Иван располнел еще больше, щеки круглого, добродушного лица точно налились красным соком и покрылись легким серебристым пушком, губы он складывал бантиком и двигался грузно и косолапо. Из прочитанных книг выхватывал наиболее замысловатые слова, чаще всего нерусского происхождения и с чудовищной легкостью уснащал ими свою неторопливую, сильно окающую речь. Учеба давалась ему с огромным трудом, которого он не жалел.
Рядом с ним Болотин казался тоненьким, как тростинка; внутри него сидел колючий еж и по-прежнему не давал ему покоя; парень всех разыгрывал, передразнивал, и если удавалось удачно поддеть кого, то приседал и икающе хохотал, собрав в темное пятно все веснушки на носу.
Его дружка, Фургонова, трудно было узнать теперь. События последних дней точно накинули на него узду и укротили: он вел себя тише воды, ниже травы, сильно стеснялся своих больших рук, подбирал их в рукава и как-то виновато улыбался на похвалы мастера.

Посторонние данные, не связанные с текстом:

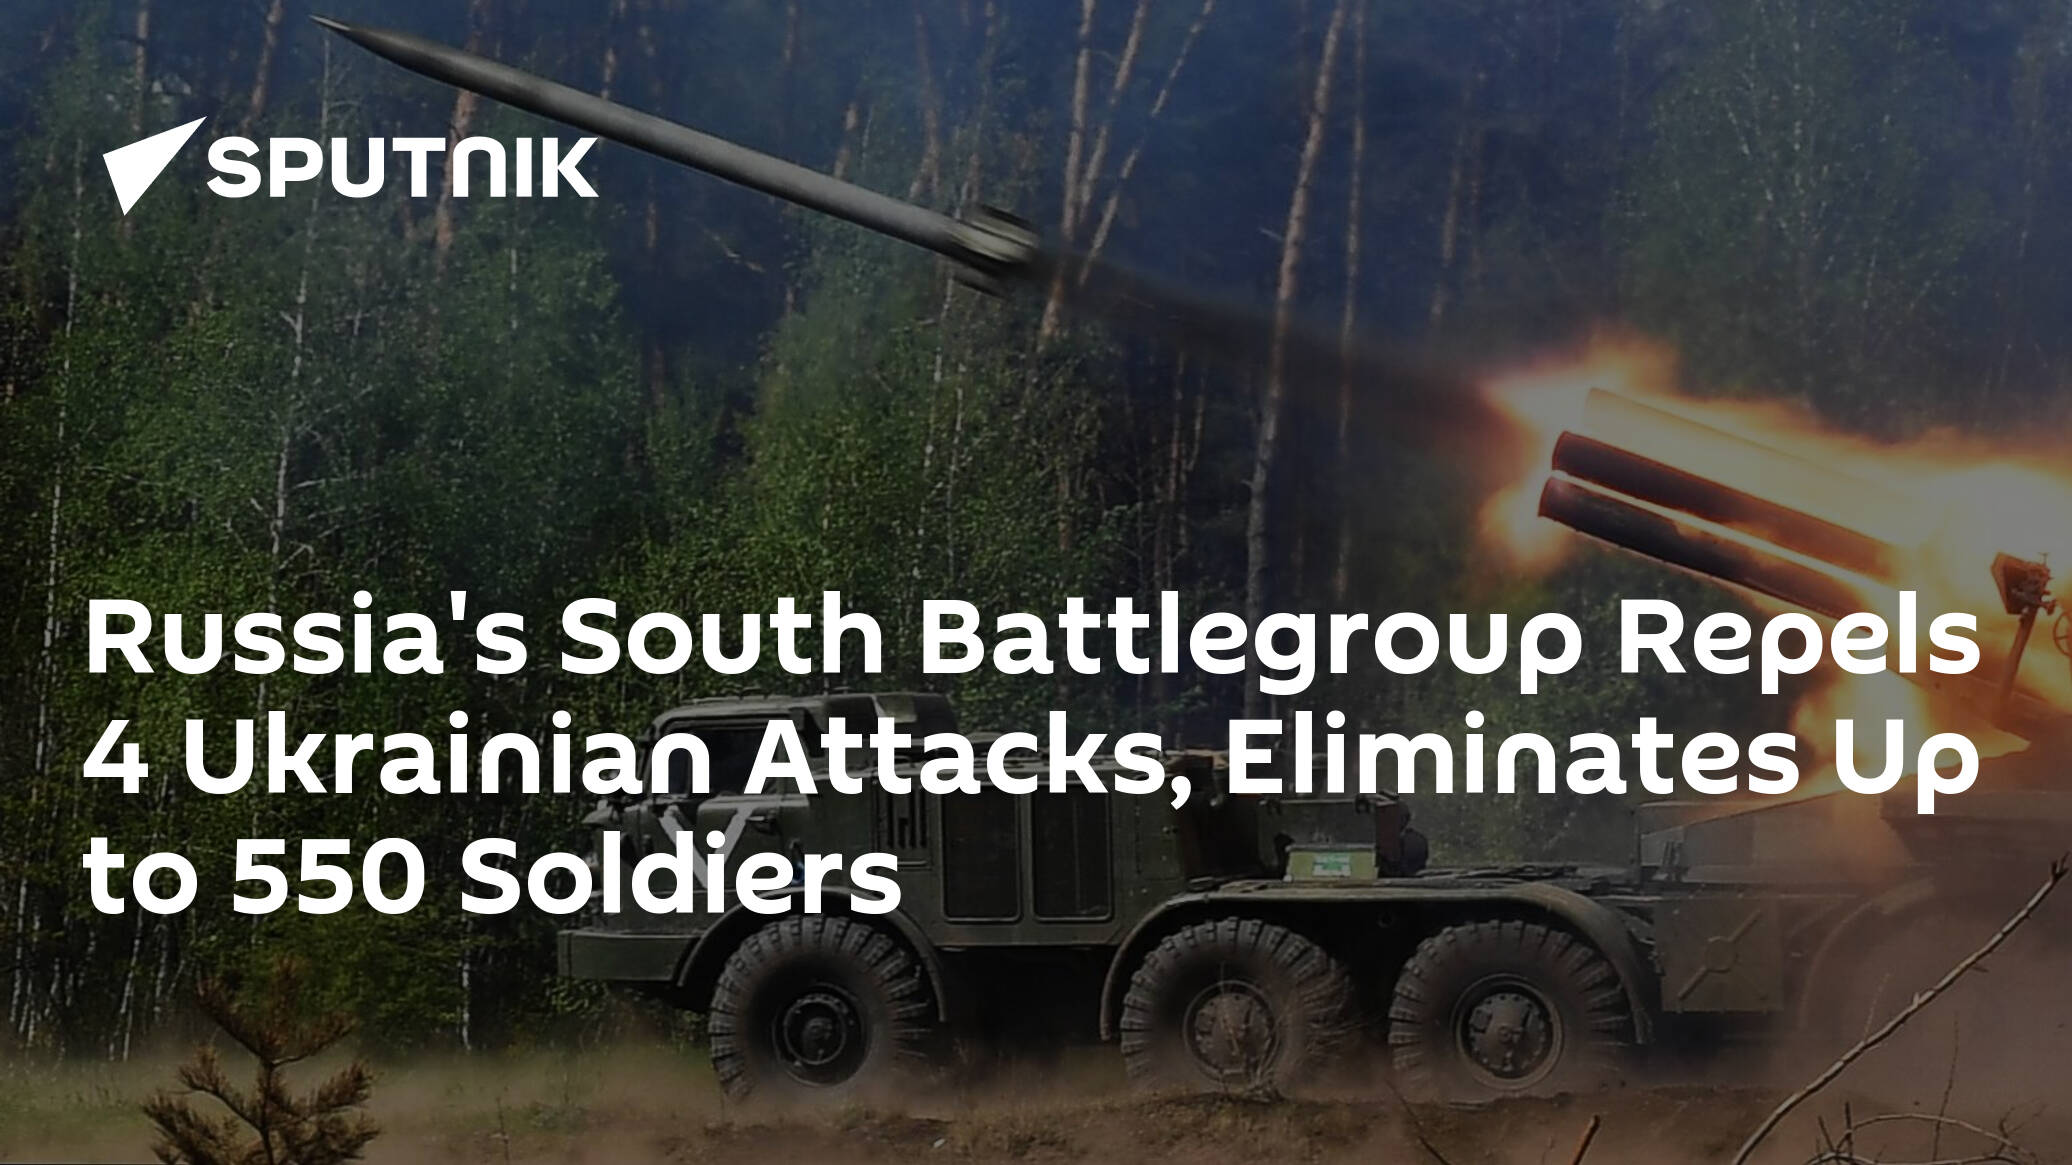 Russia's South Battlegroup Repels 4 Ukrainian Attacks, Eliminates Up to 550 Soldiers

Наблюдая за нами и поглаживая лакированную крышку аппарата, Павел Степанович сказал с сожалением:
— Теперь, ребята, учить мне вас… это самое… нечему. Теперь вы сами мастера… Если такое осилили, то с рамами, столами и табуретками управитесь с закрытыми глазами. Никакого экзамена устраивать вам не буду, вы его сдали. Вашей работой я доволен, особенно Фургонова, Ракитина, да и остальных тоже… Работали с огнем, с душой, старались… А я ничего не держал от вас в секрете, все нес вам. Ну, вот… Теперь… это самое… наберу себе других учеников…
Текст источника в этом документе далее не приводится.